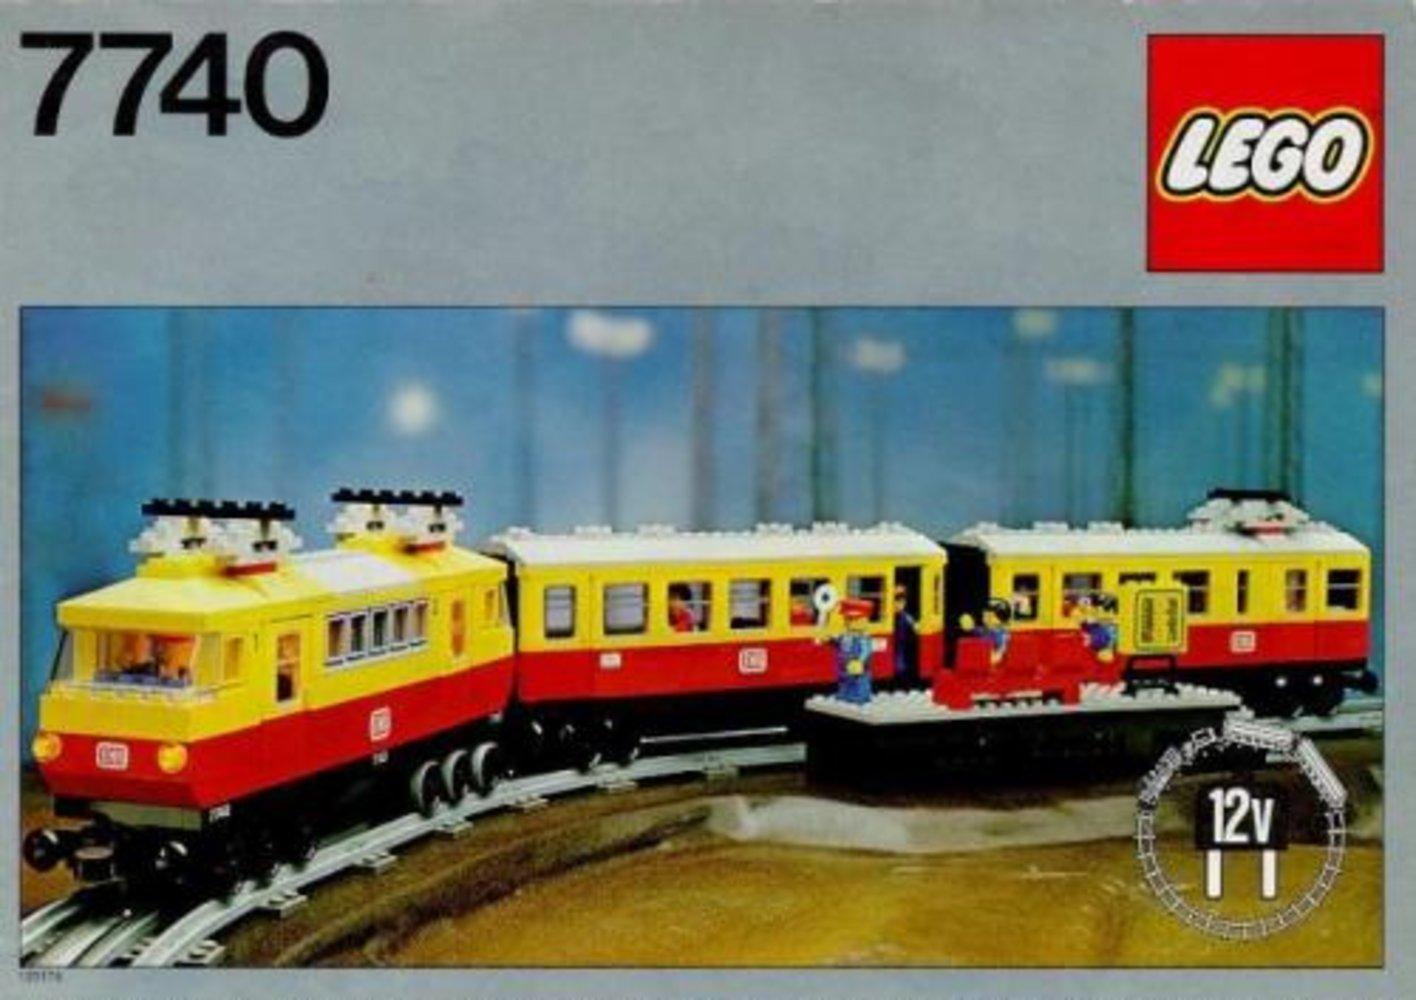 Inter-City Passenger Train
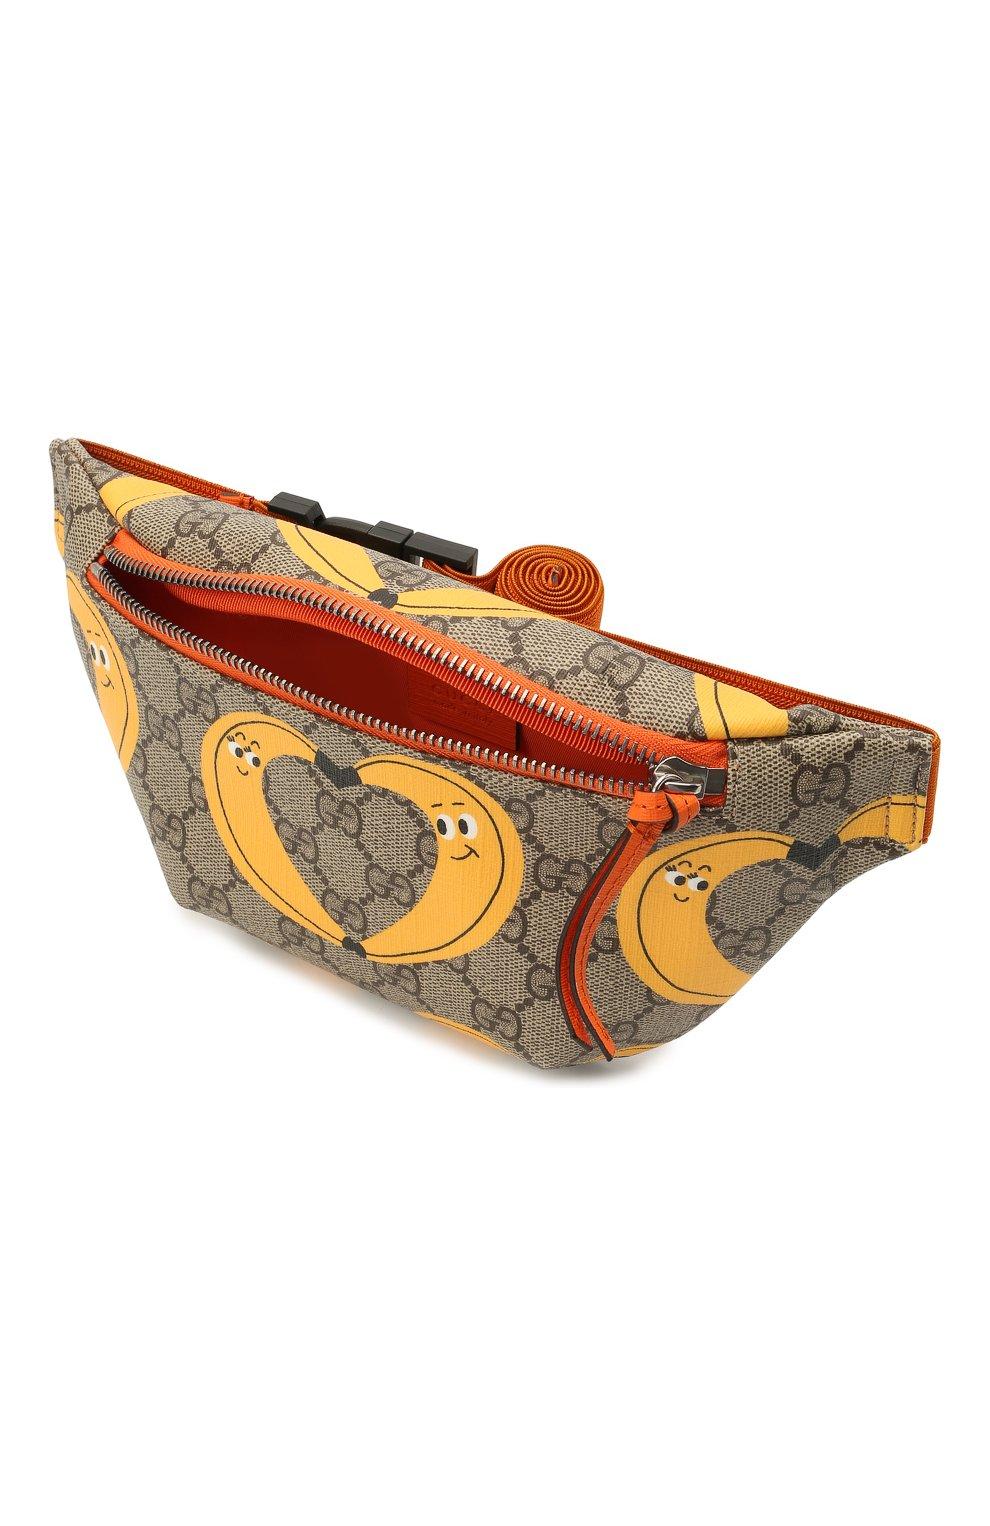 Детская поясная сумка GUCCI разноцветного цвета, арт. 502095/22DDN | Фото 3 (Материал: Экокожа)
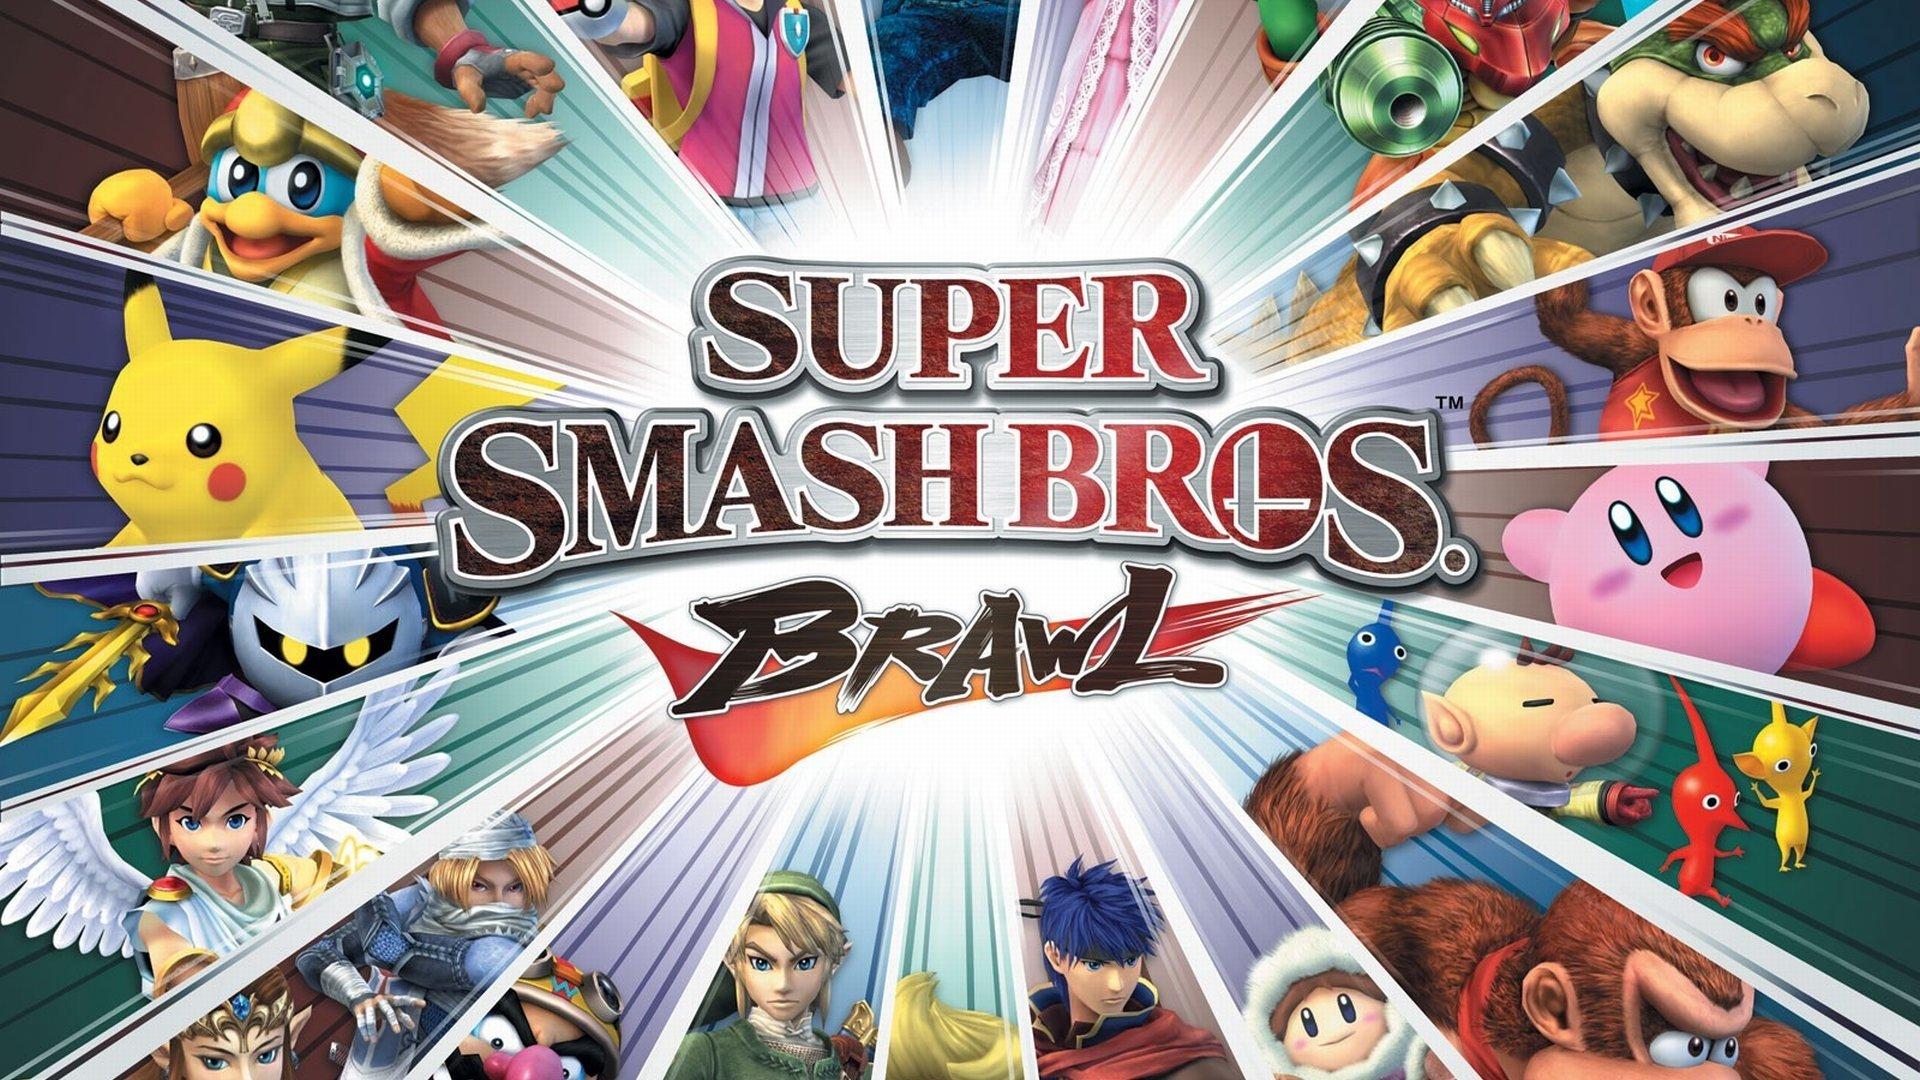 Super Smash Bros Brawl Hd Wallpaper Background Image
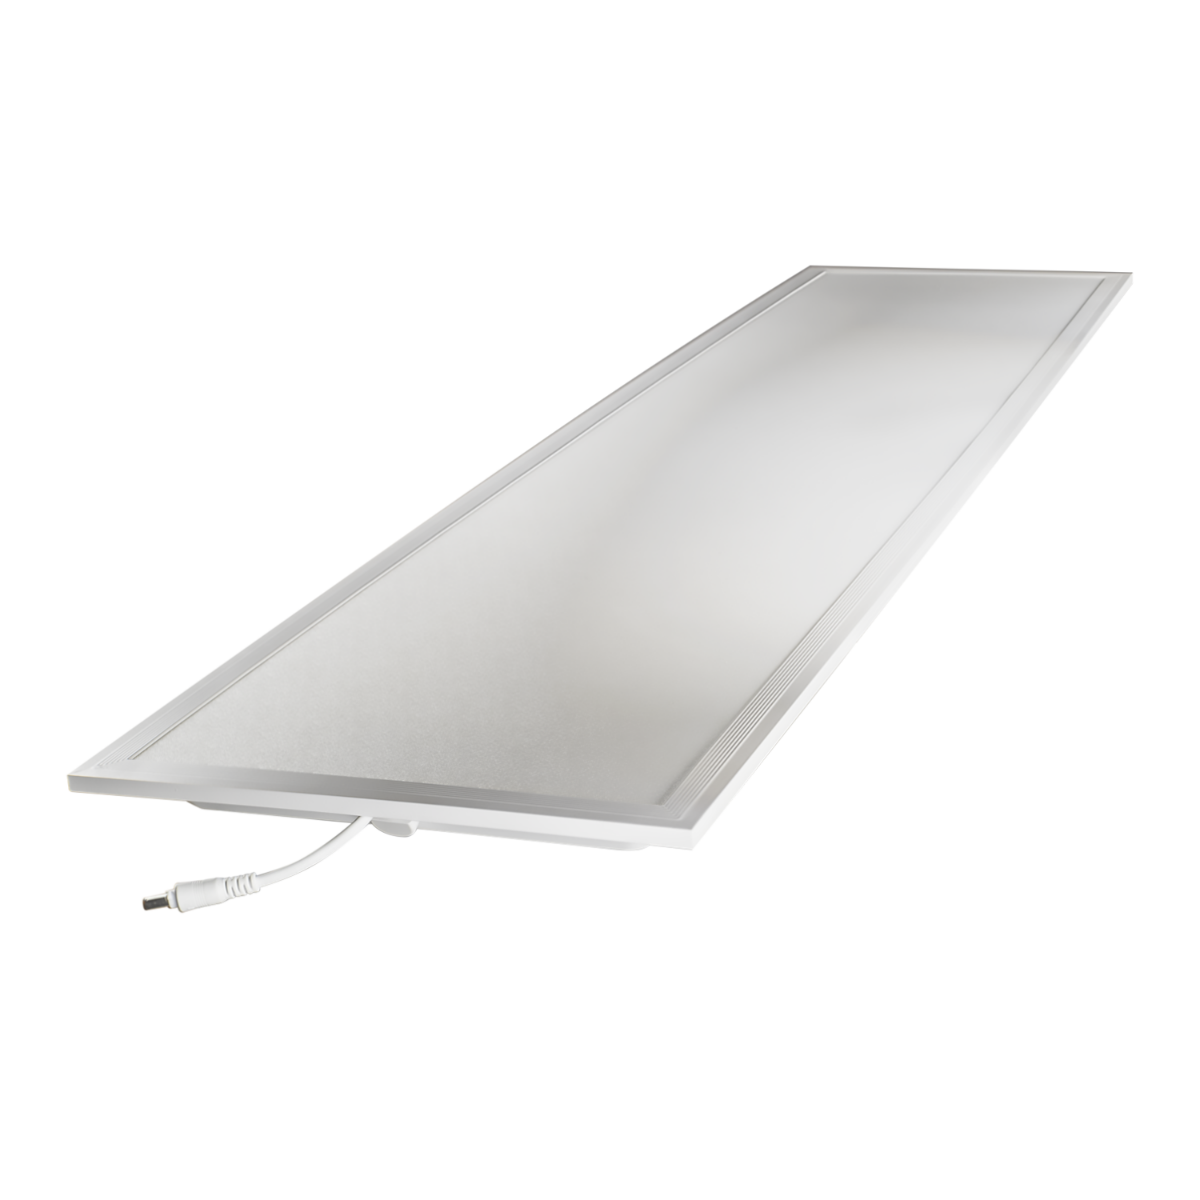 Noxion LED Panel Econox 32W Xitanium DALI 30x120cm 3000K 3900lm UGR <22 | Dali Dimmable - Replacer for 2x36W

::::::::::

Copy exactly, please, the lines that run from the line holding "Детская поясная сумка" through the closing line of the material above, omitting every picture.

 Детская поясная сумка GUCCI разноцветного цвета, арт. 502095/22DDN | Фото 3 (Материал: Экокожа)
 Super Smash Bros Brawl Hd Wallpaper Background Image
 Noxion LED Panel Econox 32W Xitanium DALI 30x120cm 3000K 3900lm UGR <22 | Dali Dimmable - Replacer for 2x36W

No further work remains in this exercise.